■ Description of the task
Write out exactly the lines below starting at the one containing "Meeting everyone you" and ending at the one containing "Maluma comes from". Omit every picture.

■ Data section
------------------------------------
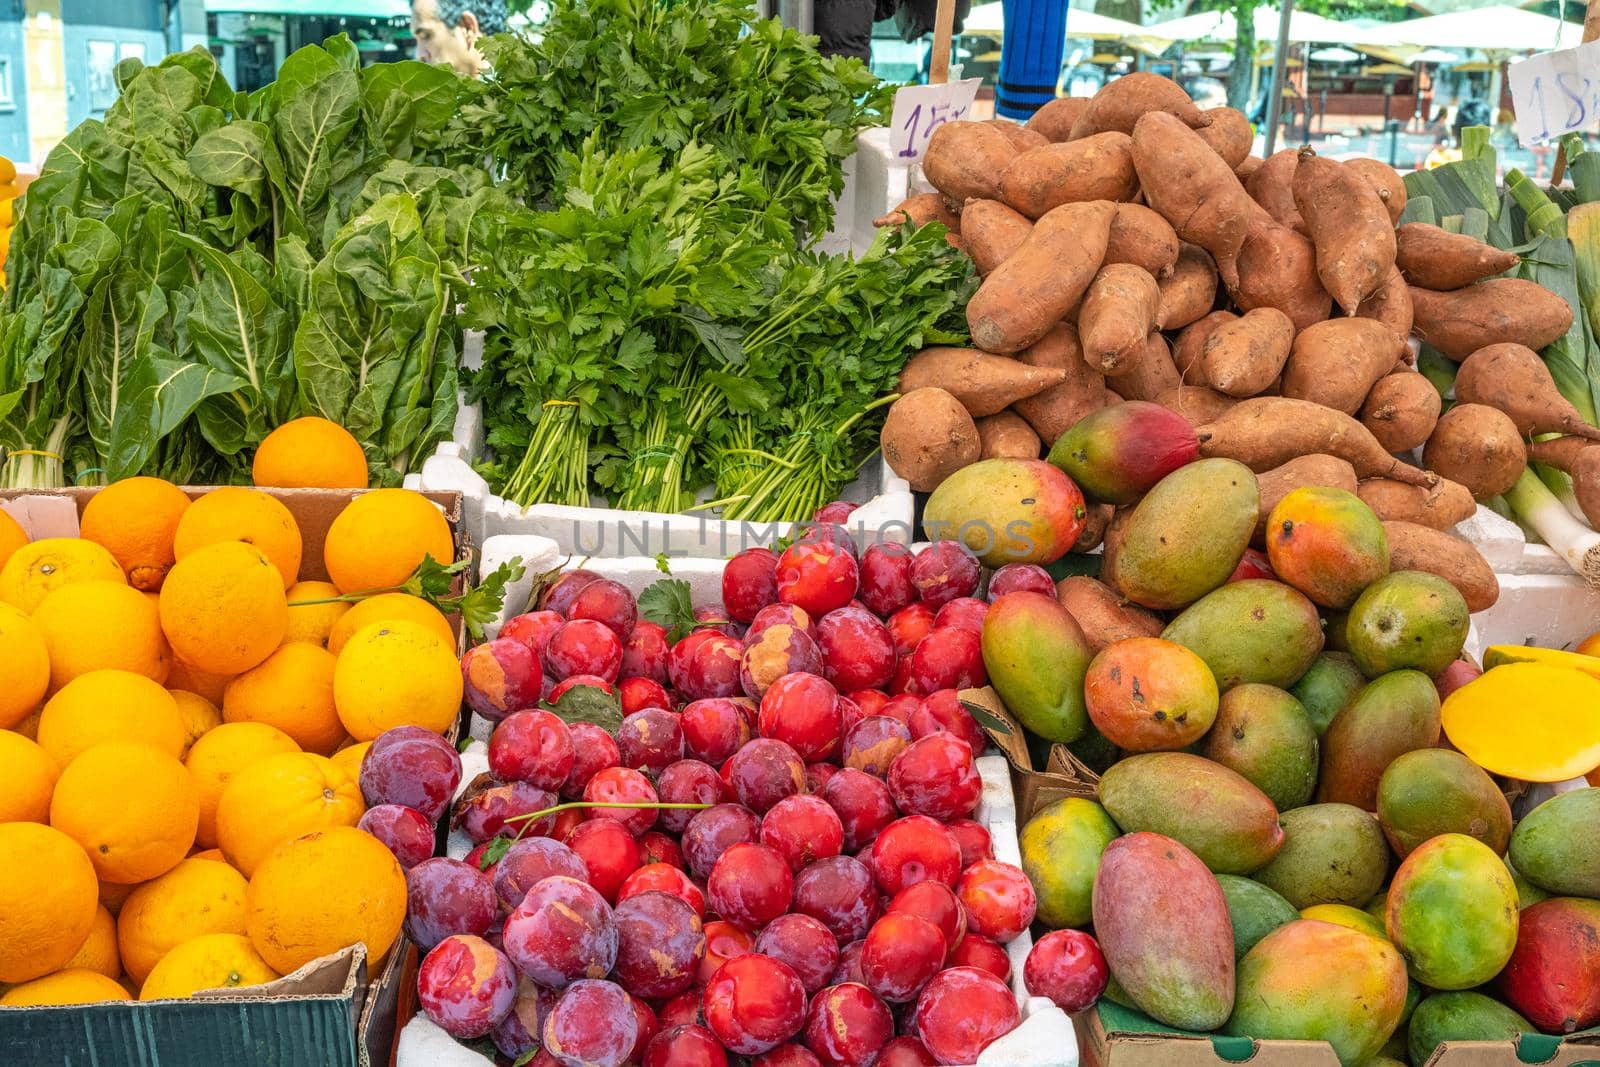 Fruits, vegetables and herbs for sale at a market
------------------------------------
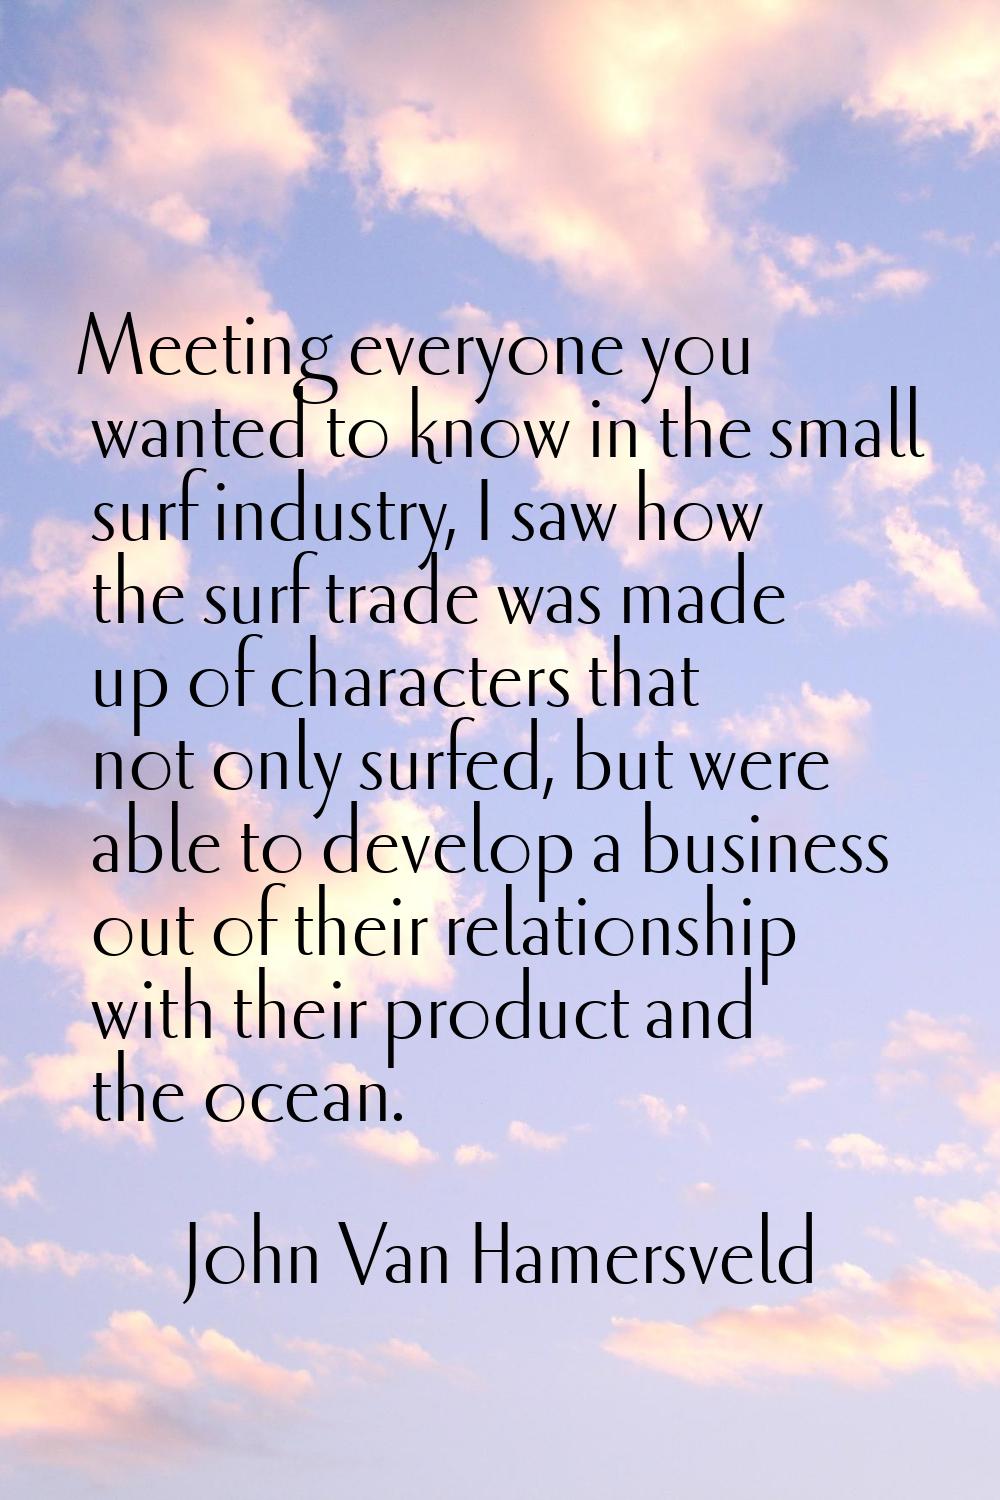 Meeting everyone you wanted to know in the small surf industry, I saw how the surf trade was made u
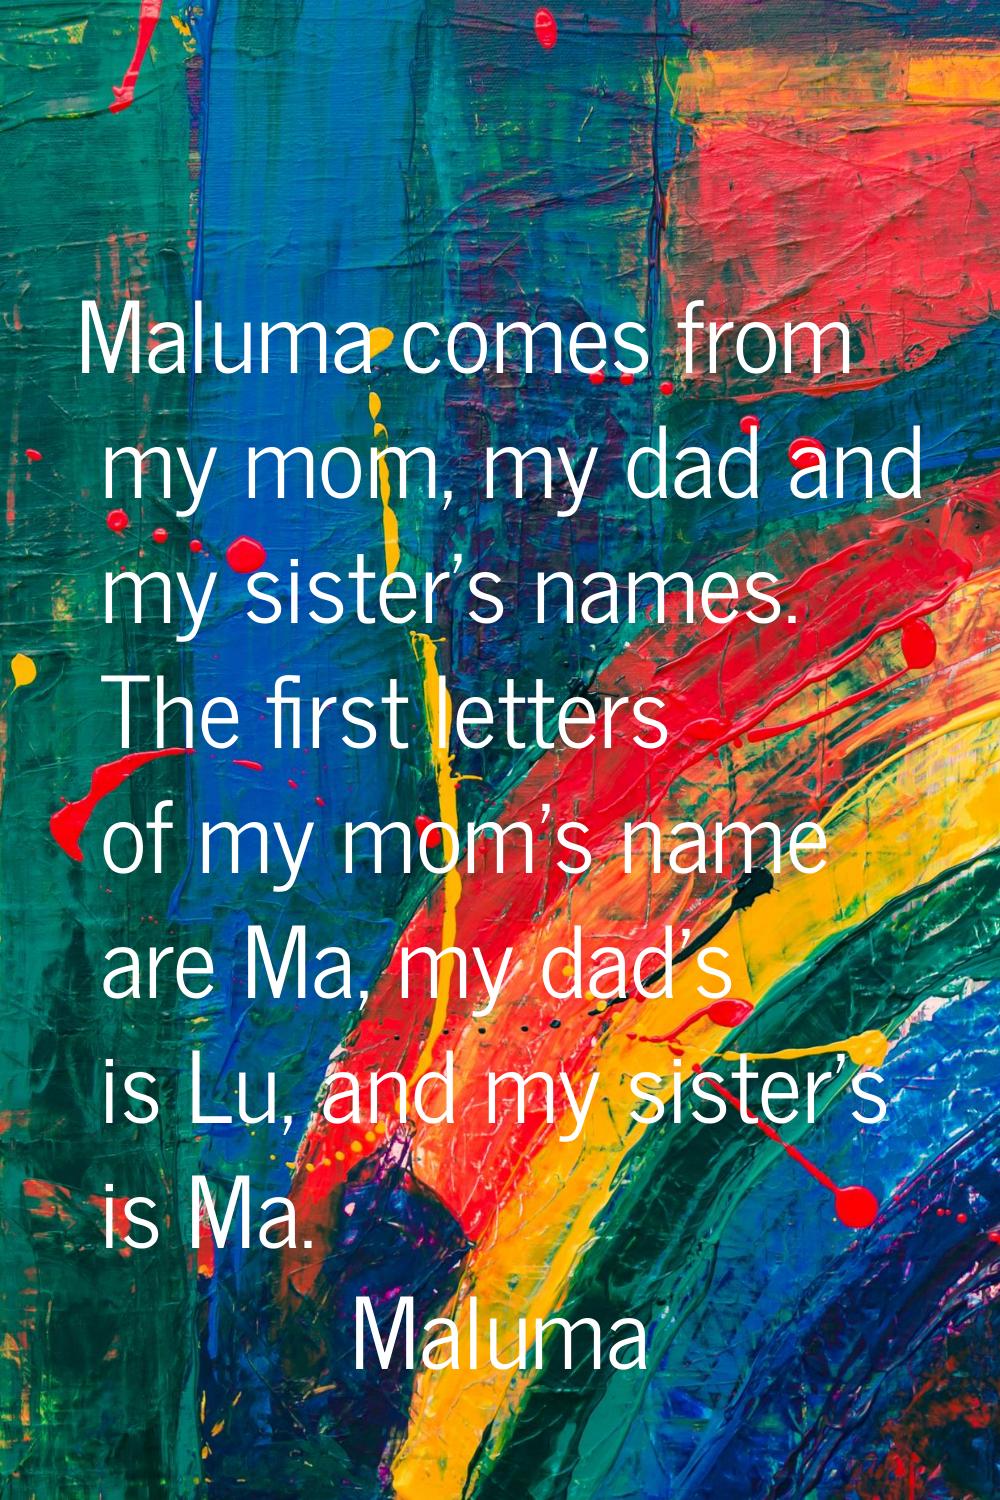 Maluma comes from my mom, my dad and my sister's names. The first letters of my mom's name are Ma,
------------------------------------
■ Exercise solution
 Meeting everyone you wanted to know in the small surf industry, I saw how the surf trade was made u
 Maluma comes from my mom, my dad and my sister's names. The first letters of my mom's name are Ma,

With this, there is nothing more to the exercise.